Required action – Extract all of the entries and set them down verbatim.

Working data –
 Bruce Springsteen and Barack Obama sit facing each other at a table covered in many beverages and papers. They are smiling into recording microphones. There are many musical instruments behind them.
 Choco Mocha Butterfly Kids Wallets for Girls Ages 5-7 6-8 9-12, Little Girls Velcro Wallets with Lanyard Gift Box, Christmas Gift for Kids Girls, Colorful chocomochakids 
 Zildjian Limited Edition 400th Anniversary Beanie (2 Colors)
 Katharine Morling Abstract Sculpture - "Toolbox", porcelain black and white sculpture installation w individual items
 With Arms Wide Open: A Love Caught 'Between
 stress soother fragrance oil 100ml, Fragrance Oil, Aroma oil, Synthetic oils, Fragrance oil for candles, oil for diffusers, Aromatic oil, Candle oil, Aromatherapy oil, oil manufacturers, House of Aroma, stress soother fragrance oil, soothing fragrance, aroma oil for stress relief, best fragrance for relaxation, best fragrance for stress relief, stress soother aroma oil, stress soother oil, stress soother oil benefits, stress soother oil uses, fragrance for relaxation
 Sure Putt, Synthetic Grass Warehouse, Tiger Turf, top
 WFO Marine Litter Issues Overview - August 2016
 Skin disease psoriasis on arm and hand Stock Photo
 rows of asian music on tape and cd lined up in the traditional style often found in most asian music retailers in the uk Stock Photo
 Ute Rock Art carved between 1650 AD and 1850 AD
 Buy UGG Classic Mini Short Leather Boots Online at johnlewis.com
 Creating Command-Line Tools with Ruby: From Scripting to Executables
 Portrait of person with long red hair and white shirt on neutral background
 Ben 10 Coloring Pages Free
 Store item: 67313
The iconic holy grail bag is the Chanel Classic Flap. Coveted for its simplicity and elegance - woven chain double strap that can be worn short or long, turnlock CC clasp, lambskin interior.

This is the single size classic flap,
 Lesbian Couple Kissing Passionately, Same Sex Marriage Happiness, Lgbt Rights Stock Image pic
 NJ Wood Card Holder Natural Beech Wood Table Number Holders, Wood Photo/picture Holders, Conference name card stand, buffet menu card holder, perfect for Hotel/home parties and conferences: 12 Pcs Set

Your response –
 Bruce Springsteen and Barack Obama sit facing each other at a table covered in many beverages and papers. They are smiling into recording microphones. There are many musical instruments behind them.
 Choco Mocha Butterfly Kids Wallets for Girls Ages 5-7 6-8 9-12, Little Girls Velcro Wallets with Lanyard Gift Box, Christmas Gift for Kids Girls, Colorful chocomochakids 
 Zildjian Limited Edition 400th Anniversary Beanie (2 Colors)
 Katharine Morling Abstract Sculpture - "Toolbox", porcelain black and white sculpture installation w individual items
 With Arms Wide Open: A Love Caught 'Between
 stress soother fragrance oil 100ml, Fragrance Oil, Aroma oil, Synthetic oils, Fragrance oil for candles, oil for diffusers, Aromatic oil, Candle oil, Aromatherapy oil, oil manufacturers, House of Aroma, stress soother fragrance oil, soothing fragrance, aroma oil for stress relief, best fragrance for relaxation, best fragrance for stress relief, stress soother aroma oil, stress soother oil, stress soother oil benefits, stress soother oil uses, fragrance for relaxation
 Sure Putt, Synthetic Grass Warehouse, Tiger Turf, top
 WFO Marine Litter Issues Overview - August 2016
 Skin disease psoriasis on arm and hand Stock Photo
 rows of asian music on tape and cd lined up in the traditional style often found in most asian music retailers in the uk Stock Photo
 Ute Rock Art carved between 1650 AD and 1850 AD
 Buy UGG Classic Mini Short Leather Boots Online at johnlewis.com
 Creating Command-Line Tools with Ruby: From Scripting to Executables
 Portrait of person with long red hair and white shirt on neutral background
 Ben 10 Coloring Pages Free
 Store item: 67313
The iconic holy grail bag is the Chanel Classic Flap. Coveted for its simplicity and elegance - woven chain double strap that can be worn short or long, turnlock CC clasp, lambskin interior.

This is the single size classic flap,
 Lesbian Couple Kissing Passionately, Same Sex Marriage Happiness, Lgbt Rights Stock Image pic
 NJ Wood Card Holder Natural Beech Wood Table Number Holders, Wood Photo/picture Holders, Conference name card stand, buffet menu card holder, perfect for Hotel/home parties and conferences: 12 Pcs Set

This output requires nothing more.